• _RECORDED DATA_:
Segment Open
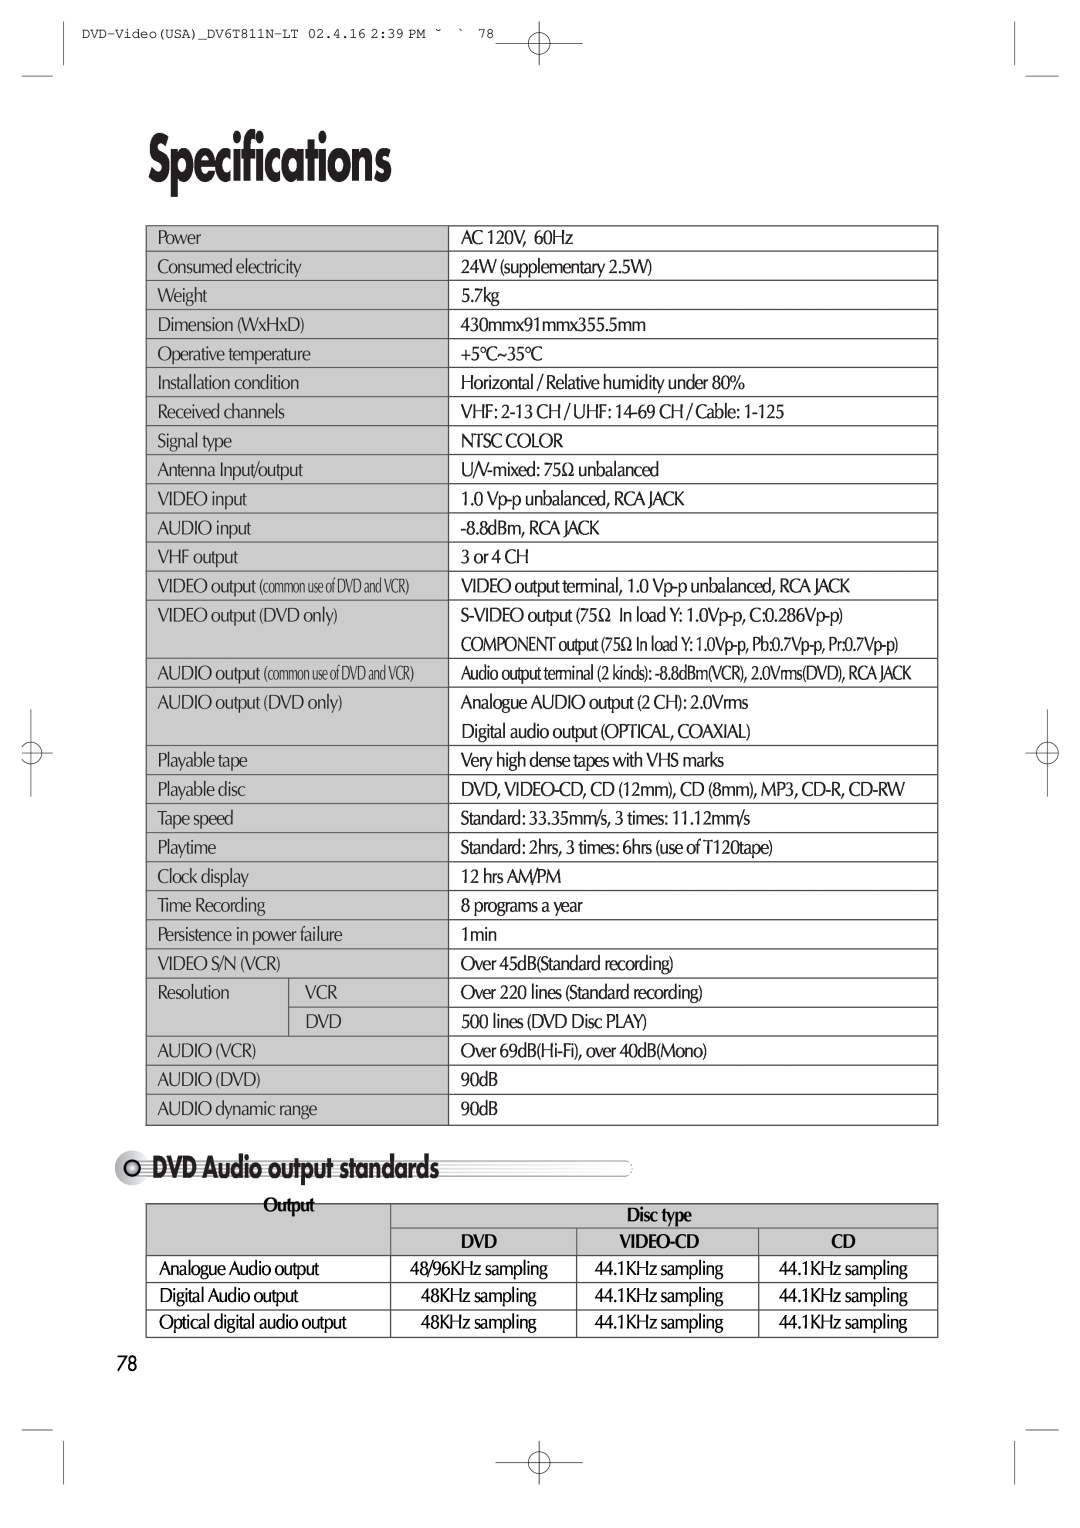 Daewoo DV6T811N owner manual Specifications, DVDAudiooutputstandards, Output 
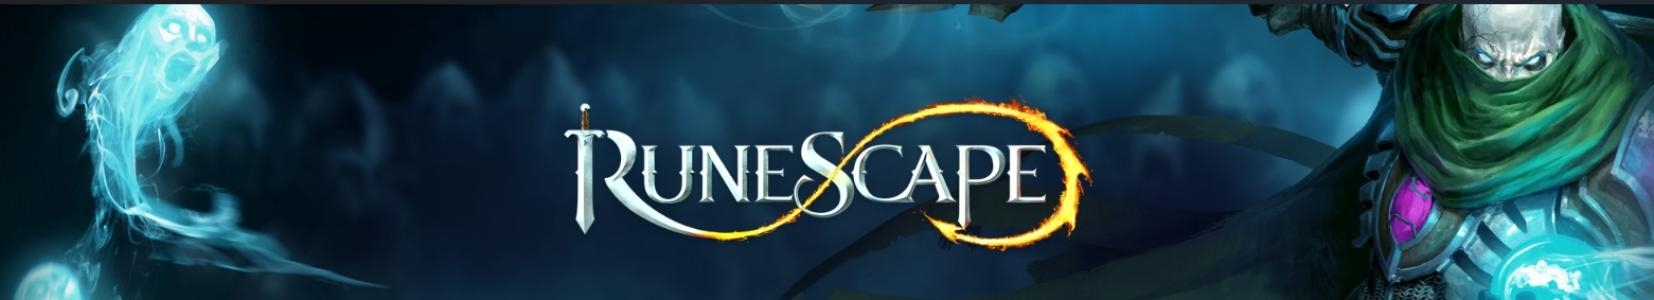 RuneScape banner
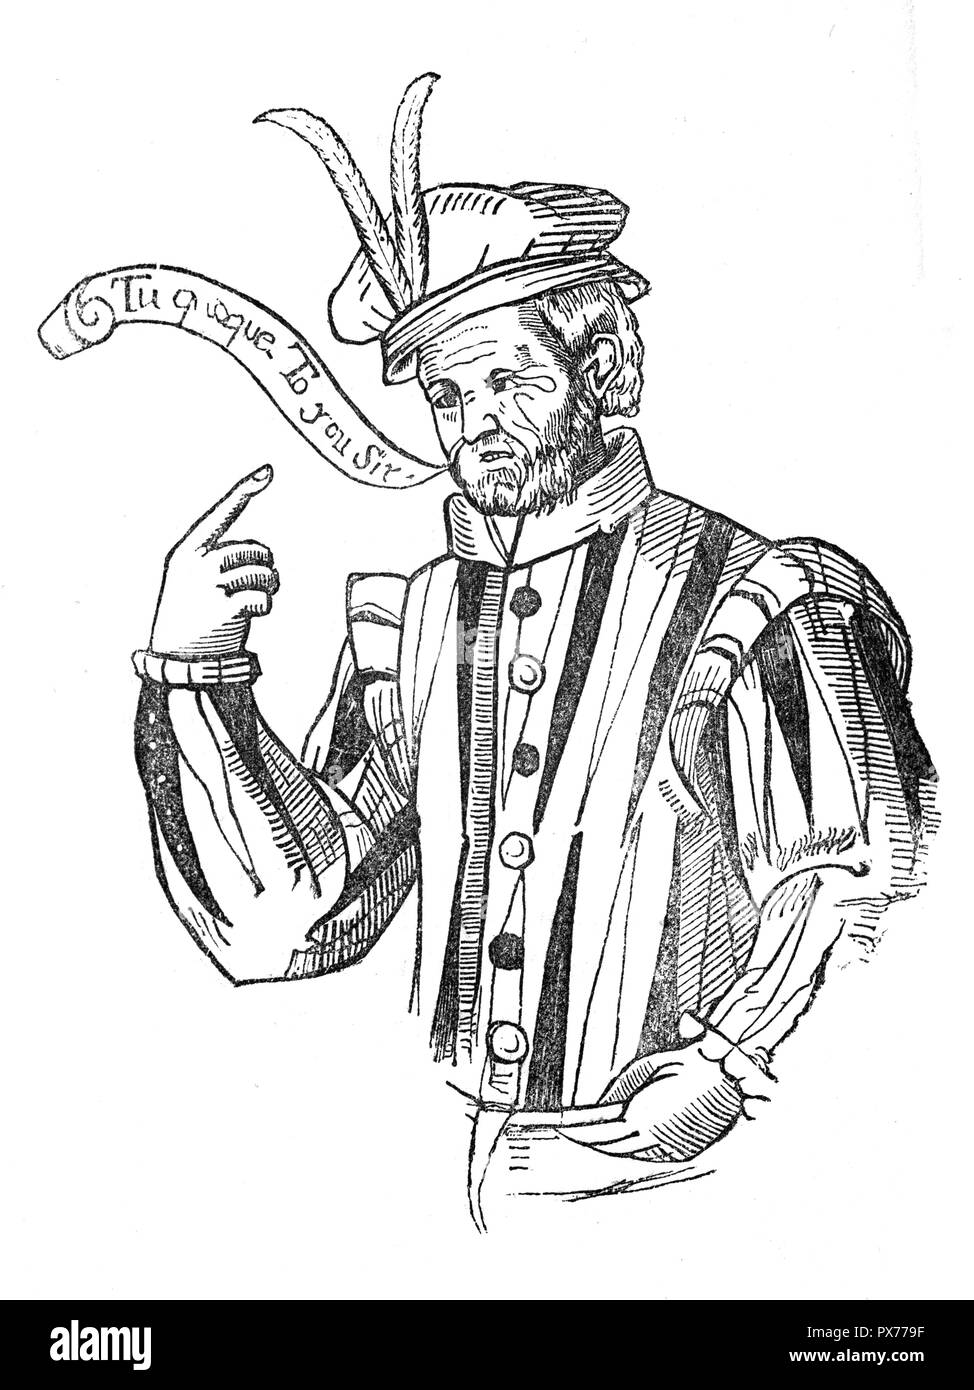 Robert Greene, (1558-1592, London), einem der beliebtesten englischen Schriftsteller des 16. Jahrhunderts und Shakespeares erfolgreichsten Vorgänger in Leer - Vers romantische Komödie. Er war auch einer der ersten professionellen Autoren und zu den frühesten englischen autobiographers Stockfoto
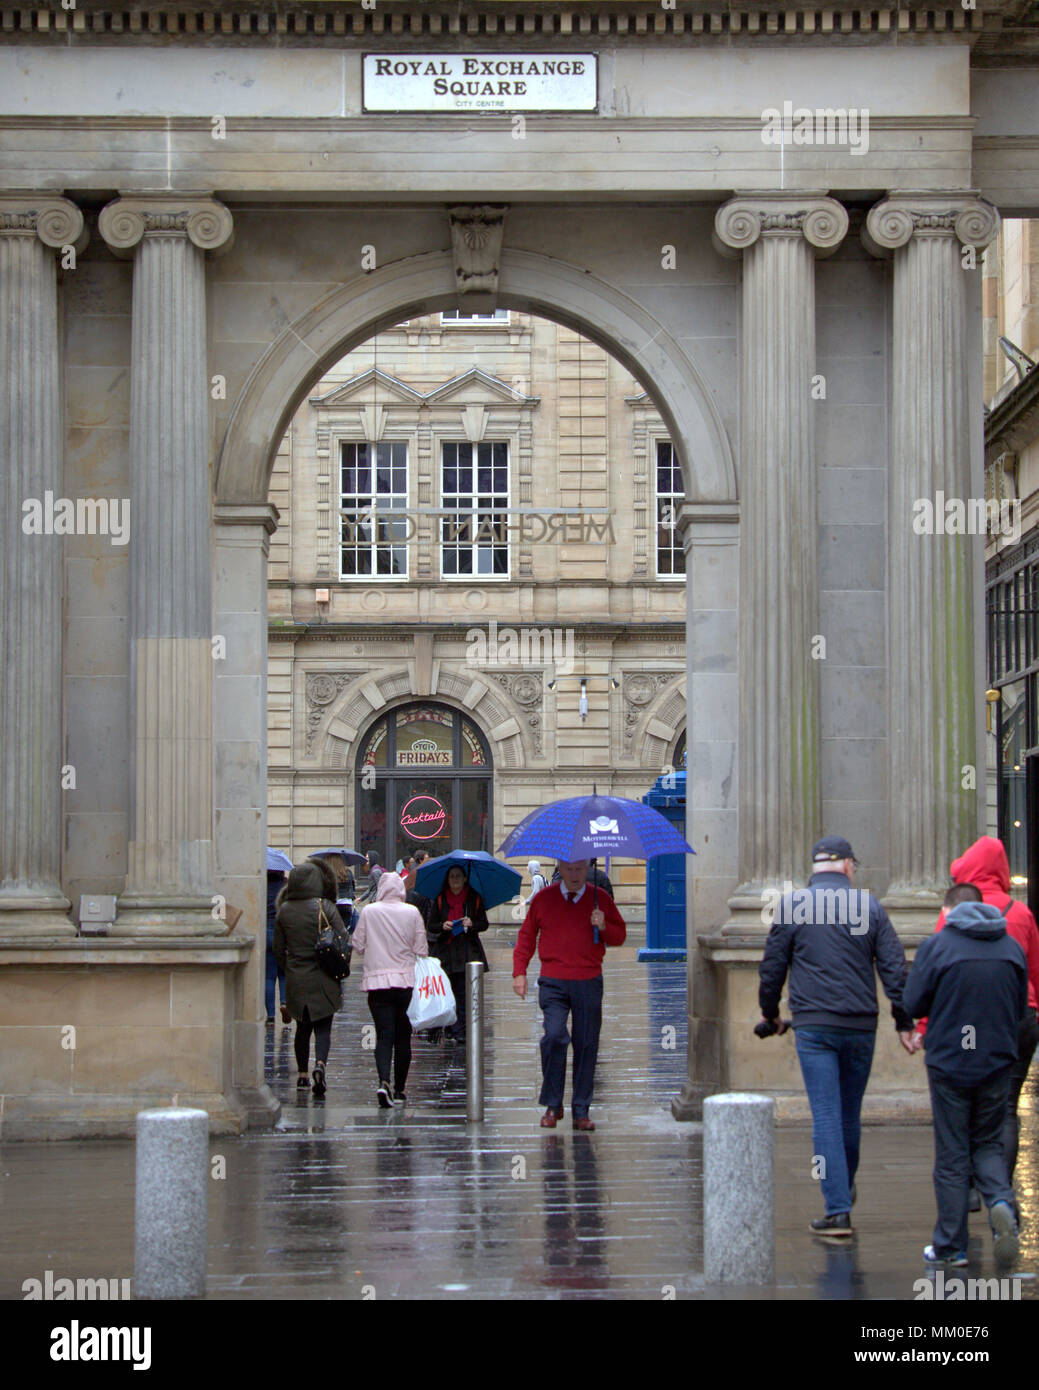 Glasgow, Schottland, Großbritannien 9. Mai. UK Wetter Regen Regen blau Regenschirm der Bogen von Royal Exchange Square im Herzen der Stadt bietet wenig für den Touristen so stumpf nasses Wetter zieht nach dem heißen Bank Urlaub.. Gerard Fähre / alamy Nachrichten Stockfoto
Segment Closed
Please reproduce the material above word for word, without its images.

• _SOLUTION FOR THIS PROBLEM_:
 Daewoo DV6T811N owner manual Specifications, DVDAudiooutputstandards, Output 
 RuneScape banner
 Robert Greene, (1558-1592, London), einem der beliebtesten englischen Schriftsteller des 16. Jahrhunderts und Shakespeares erfolgreichsten Vorgänger in Leer - Vers romantische Komödie. Er war auch einer der ersten professionellen Autoren und zu den frühesten englischen autobiographers Stockfoto
 Glasgow, Schottland, Großbritannien 9. Mai. UK Wetter Regen Regen blau Regenschirm der Bogen von Royal Exchange Square im Herzen der Stadt bietet wenig für den Touristen so stumpf nasses Wetter zieht nach dem heißen Bank Urlaub.. Gerard Fähre / alamy Nachrichten Stockfoto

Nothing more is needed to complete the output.